March 1, 2017

Vinylspotting: A Discogs Fairytale

At a cursory glance, it’s almost impossible to get much of an understanding of vinyl record collections beyond their size (or perhaps their age, depending on the smell?). If you get up close, you might recognise some artist names or make out some titles on the spines of LPs, but your average collector is gonna have loads of bits that even they don’t recognise on sight. Now, while the unadulterated excitement of finding a white label on the shelve that even you can’t remember is the romance at the very heart of record digging, that thought of forgotten artifacts would send archivists and librarians bonkers.

Enter Discogs - the definitive recorded music database and marketplace, with over 8 million record entries and counting. Aside from catching themselves tumbling through all sorts of audio rabbit-holes, Discogs users are able to forensically catalog their own collection. Once you’re at more than a few hundred records, having a well-kept digital archive of your music to refer to is sometimes the only way of knowing “did I already buy that record?”, without having to leaf through the physical lot.

A user can browse through the individual pages of each of their records, but when the user wants to look at their overall collection they see something like this:

It’s essentially a tabulated view of your collection with rudimentary info, and some record sleeve thumbnails to boot. The ‘collection value’ is a new (and very addictive) addition that, as far as I can tell, is the only summary statistic on show (besides the count), which got me into thinking:

If I had put the work in to ammassing a couple thousand records, say, it would be cool to know more about my record collection than just how much it’s worth.

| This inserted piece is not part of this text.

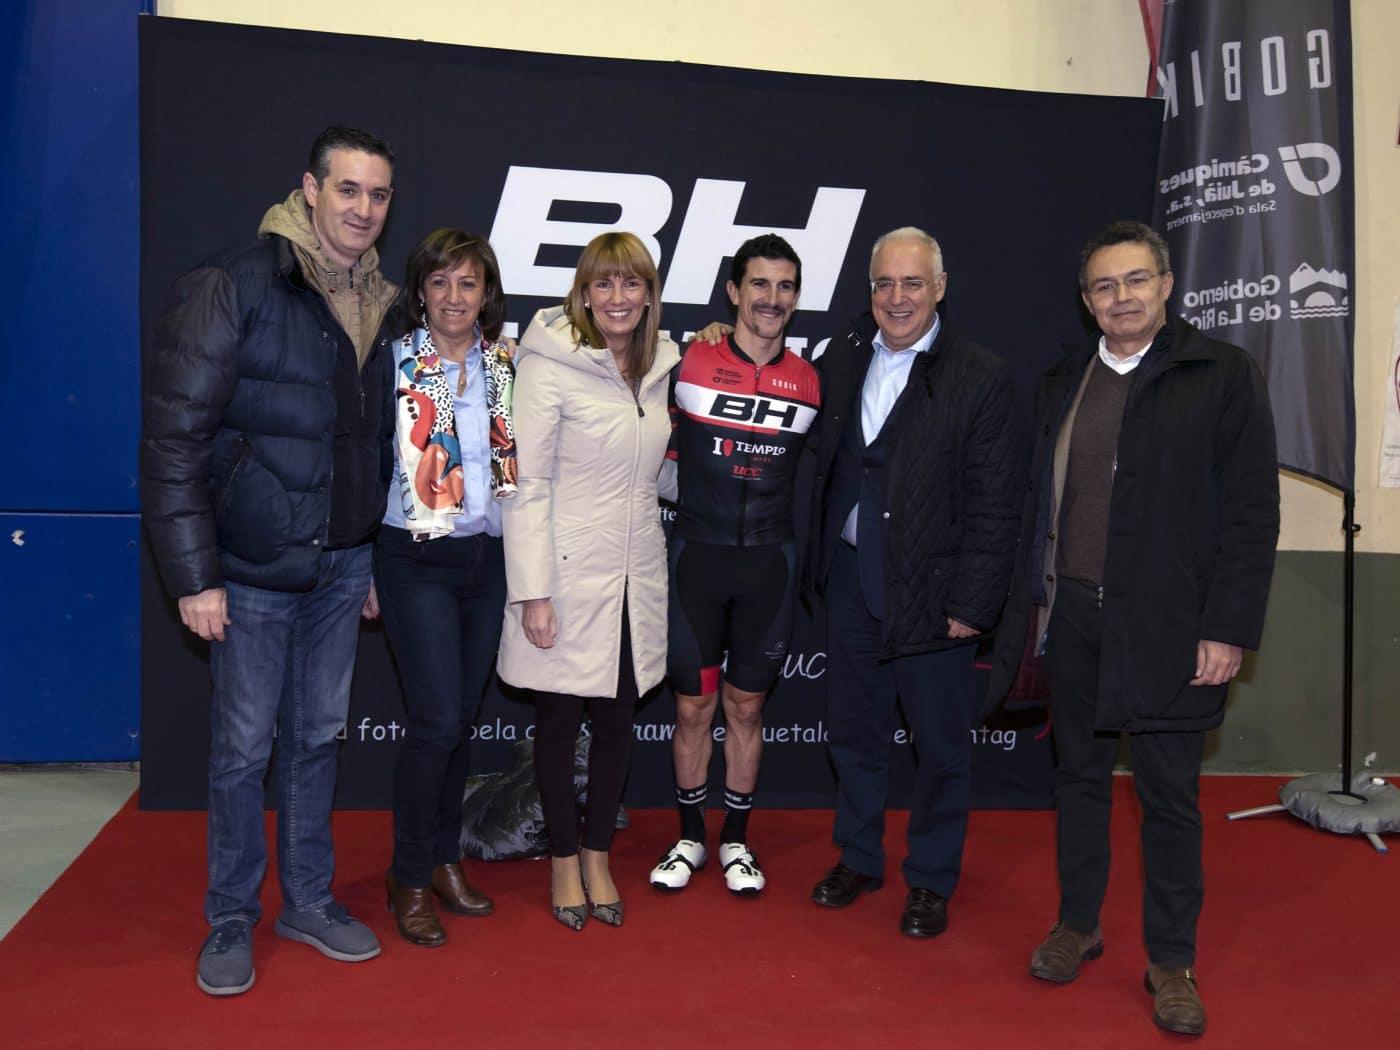 La jarrera María López se presenta con el nuevo equipo de Carlos Coloma, el BH Templo Cafés UCC 12

The obvious next thought was, “R could probably help with that”.1

Getting hot ‘n’ heavy with the Discogs API

Off the bat, I needed to develop a sensible pipeline for accessing and tidying the metadata of a user’s collection. The RESTful Discogs API would now be my good friend. A skim through the documentation here gets us to the user collection section, showing you how to request to view a users collection with just their username (of course, there’s an app registration and OAuth key/token business to go through first). User collections are paginated, too, but we can employ a loop to build up a simple request to the API endpoint and get sight of a whole collection:

Here’s what a simple call to the Discogs user collection API endpoint looks like:

# create empty list for the collection pages
pages <- list()

# Loop through each page of the collection, adding release data to the list
for(i in 1:9){
  mydata <- fromJSON(paste0("https://api.discogs.com//users/ewen_henderson/collection/folders/0/releases", "?page=", i), flatten=TRUE)
  message("Retrieving page ", i)
  pages[[i+1]] <- mydata$releases
}

# bind these pages together
glimpse(as.data.frame(rbind.pages(pages)))
## Observations: 428
## Variables: 13
## $ instance_id                    <int> 124611189, 194803485, 95223076,...
## $ date_added                     <chr> "2015-03-22T11:49:12-07:00", "2...
## $ id                             <int> 5874941, 8720047, 5307000, 1483...
## $ rating                         <int> 0, 0, 0, 0, 0, 0, 0, 0, 0, 0, 0...
## $ basic_information.labels       <list> [<1-800 Dinosaur, 1, 1-800-02,...
## $ basic_information.formats      <list> [<12", 33 ⅓ RPM, EP, Vinyl, 1>...
## $ basic_information.artists      <list> [<, Airhead (5), , , , https:/...
## $ basic_information.thumb        <chr> "", "", "", "", "", "", "", "",...
## $ basic_information.title        <chr> "Believe ", "Bye Bye / Nobody (...
## $ basic_information.cover_image  <chr> "", "", "", "", "", "", "", "",...
## $ basic_information.resource_url <chr> "https://api.discogs.com/releas...
## $ basic_information.year         <int> 2014, 2016, 2014, 2000, 2015, 1...
## $ basic_information.id           <int> 5874941, 8720047, 5307000, 1483...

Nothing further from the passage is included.